▶ [Task to carry out]
Somewhere below is a line with "värld cykel dag." and, later, a line with "ica-supermarket - Flyer"; repeat those two lines and all the lines between them, exactly as they are.

▶ [Dataset extract]
-------------------------

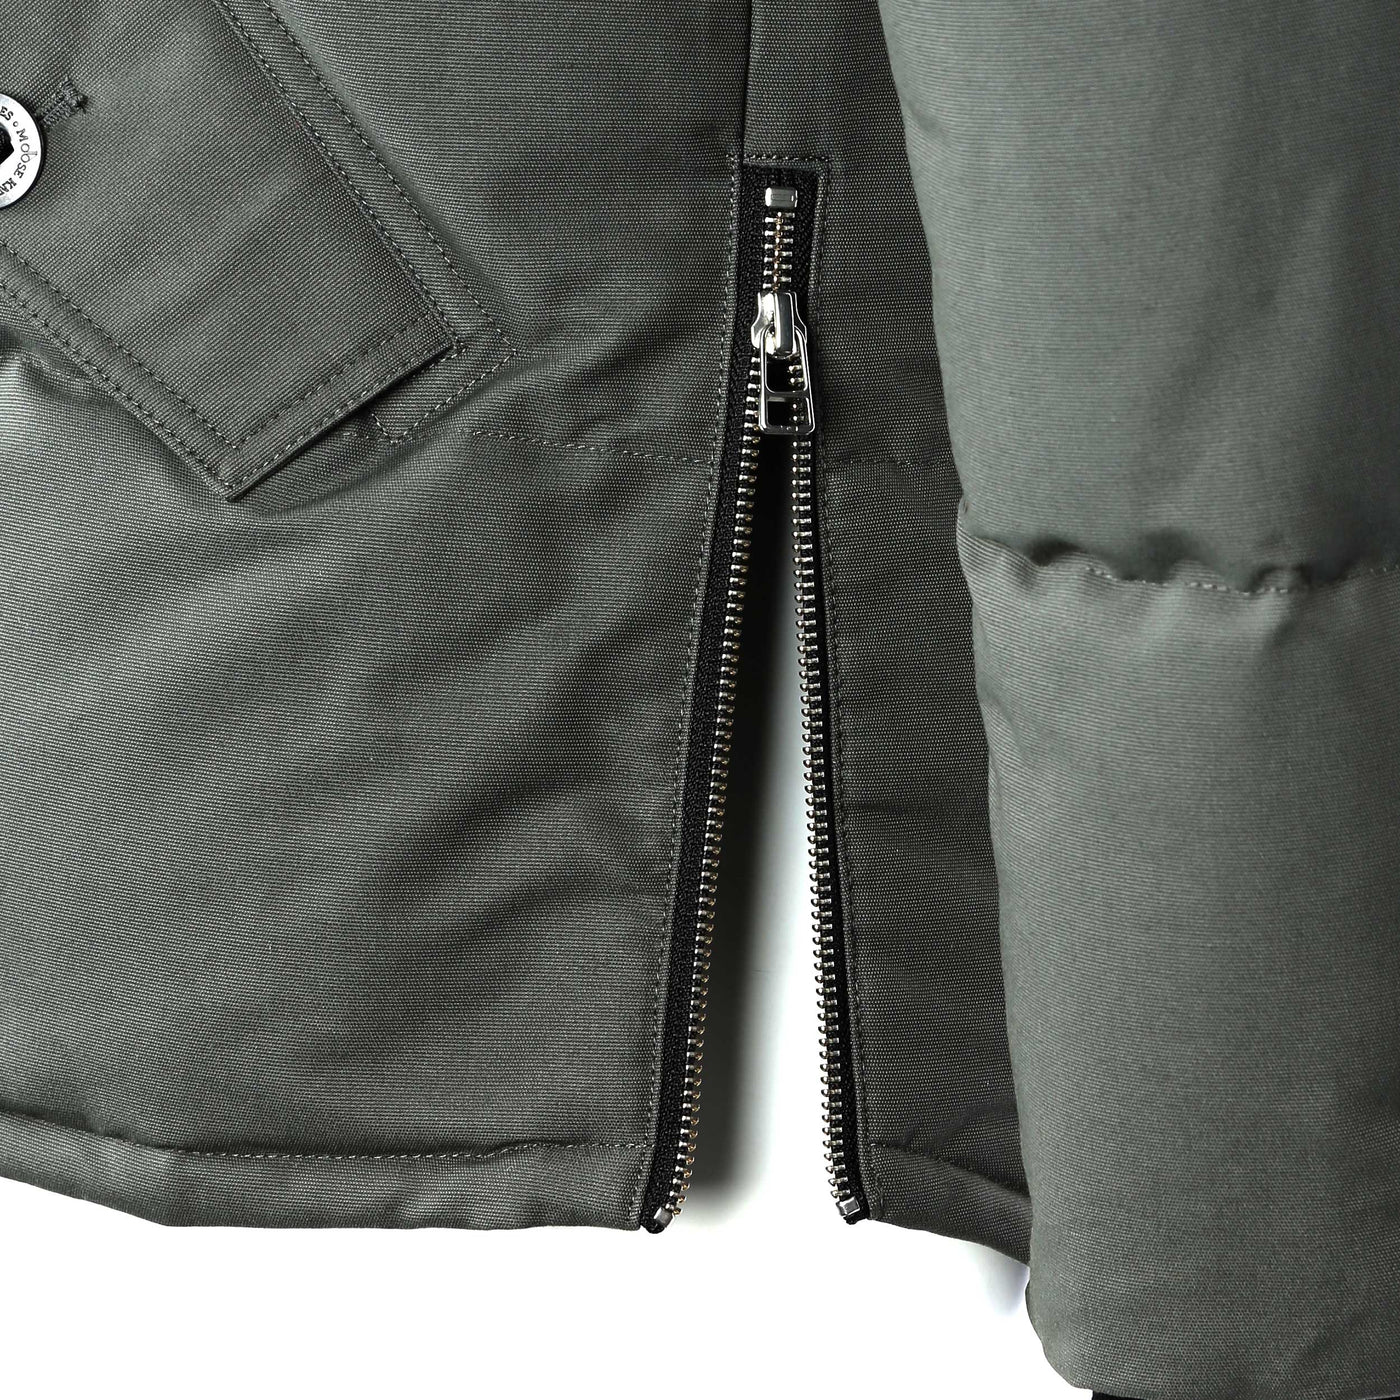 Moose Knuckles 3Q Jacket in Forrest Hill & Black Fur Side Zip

-------------------------

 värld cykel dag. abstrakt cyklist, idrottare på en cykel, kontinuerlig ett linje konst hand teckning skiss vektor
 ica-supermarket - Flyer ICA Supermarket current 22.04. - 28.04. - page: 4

-------------------------

▶ [Task response]
 värld cykel dag. abstrakt cyklist, idrottare på en cykel, kontinuerlig ett linje konst hand teckning skiss vektor
 ica-supermarket - Flyer ICA Supermarket current 22.04. - 28.04. - page: 4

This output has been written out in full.